Top of AVAILABLE RECORDS

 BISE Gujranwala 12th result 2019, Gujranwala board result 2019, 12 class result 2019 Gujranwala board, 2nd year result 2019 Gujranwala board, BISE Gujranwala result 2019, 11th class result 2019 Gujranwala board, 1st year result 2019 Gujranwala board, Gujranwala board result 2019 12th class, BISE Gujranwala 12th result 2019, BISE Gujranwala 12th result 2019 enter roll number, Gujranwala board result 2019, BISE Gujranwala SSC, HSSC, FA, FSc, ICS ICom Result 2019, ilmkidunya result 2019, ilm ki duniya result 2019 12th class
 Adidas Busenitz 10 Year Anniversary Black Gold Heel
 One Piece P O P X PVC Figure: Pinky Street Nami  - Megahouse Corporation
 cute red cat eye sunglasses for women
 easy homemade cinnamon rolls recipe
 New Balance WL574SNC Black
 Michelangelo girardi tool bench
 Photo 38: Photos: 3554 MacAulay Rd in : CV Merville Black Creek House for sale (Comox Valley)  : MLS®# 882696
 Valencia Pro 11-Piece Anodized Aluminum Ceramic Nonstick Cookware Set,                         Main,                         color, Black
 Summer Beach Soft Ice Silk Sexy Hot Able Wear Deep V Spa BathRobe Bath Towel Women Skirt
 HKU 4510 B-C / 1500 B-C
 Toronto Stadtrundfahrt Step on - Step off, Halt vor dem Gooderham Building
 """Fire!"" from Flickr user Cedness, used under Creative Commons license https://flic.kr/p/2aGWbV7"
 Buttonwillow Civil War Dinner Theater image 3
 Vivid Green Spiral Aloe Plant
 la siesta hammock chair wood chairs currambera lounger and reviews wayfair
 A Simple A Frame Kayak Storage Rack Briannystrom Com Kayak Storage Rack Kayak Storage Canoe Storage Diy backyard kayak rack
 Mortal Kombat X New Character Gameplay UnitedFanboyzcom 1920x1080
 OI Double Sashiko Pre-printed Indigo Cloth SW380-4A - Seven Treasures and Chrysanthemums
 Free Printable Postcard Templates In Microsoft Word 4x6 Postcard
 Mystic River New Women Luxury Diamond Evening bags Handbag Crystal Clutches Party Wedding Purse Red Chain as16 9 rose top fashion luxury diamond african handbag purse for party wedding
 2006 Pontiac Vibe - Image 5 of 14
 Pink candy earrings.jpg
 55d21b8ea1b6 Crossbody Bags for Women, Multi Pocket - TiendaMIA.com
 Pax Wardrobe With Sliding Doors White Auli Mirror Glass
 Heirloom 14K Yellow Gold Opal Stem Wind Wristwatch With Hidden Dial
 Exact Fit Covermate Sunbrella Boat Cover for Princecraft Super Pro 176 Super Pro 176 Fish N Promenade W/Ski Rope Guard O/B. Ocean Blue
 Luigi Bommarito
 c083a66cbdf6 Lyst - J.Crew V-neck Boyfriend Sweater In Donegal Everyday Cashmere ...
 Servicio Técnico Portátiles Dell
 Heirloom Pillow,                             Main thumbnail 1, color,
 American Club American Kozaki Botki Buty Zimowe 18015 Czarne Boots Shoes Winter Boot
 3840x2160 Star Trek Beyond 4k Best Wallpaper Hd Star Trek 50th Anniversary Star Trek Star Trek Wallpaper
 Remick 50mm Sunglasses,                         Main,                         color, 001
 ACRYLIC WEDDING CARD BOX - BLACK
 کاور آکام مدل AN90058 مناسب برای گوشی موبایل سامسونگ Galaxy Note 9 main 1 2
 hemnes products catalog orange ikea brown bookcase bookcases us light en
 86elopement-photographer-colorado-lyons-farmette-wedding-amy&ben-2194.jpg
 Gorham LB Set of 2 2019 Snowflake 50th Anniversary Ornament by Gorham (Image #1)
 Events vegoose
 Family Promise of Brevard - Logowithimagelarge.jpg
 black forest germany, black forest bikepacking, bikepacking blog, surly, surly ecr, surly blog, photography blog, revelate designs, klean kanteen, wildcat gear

Bottom of AVAILABLE RECORDS

• TASK:
From the data above, reproduce word for word the lines running from the line with "New Balance WL574SNC Black" to the line with "la siesta hammock", ends included.

• WRITTEN SOLUTION:
 New Balance WL574SNC Black
 Michelangelo girardi tool bench
 Photo 38: Photos: 3554 MacAulay Rd in : CV Merville Black Creek House for sale (Comox Valley)  : MLS®# 882696
 Valencia Pro 11-Piece Anodized Aluminum Ceramic Nonstick Cookware Set,                         Main,                         color, Black
 Summer Beach Soft Ice Silk Sexy Hot Able Wear Deep V Spa BathRobe Bath Towel Women Skirt
 HKU 4510 B-C / 1500 B-C
 Toronto Stadtrundfahrt Step on - Step off, Halt vor dem Gooderham Building
 """Fire!"" from Flickr user Cedness, used under Creative Commons license https://flic.kr/p/2aGWbV7"
 Buttonwillow Civil War Dinner Theater image 3
 Vivid Green Spiral Aloe Plant
 la siesta hammock chair wood chairs currambera lounger and reviews wayfair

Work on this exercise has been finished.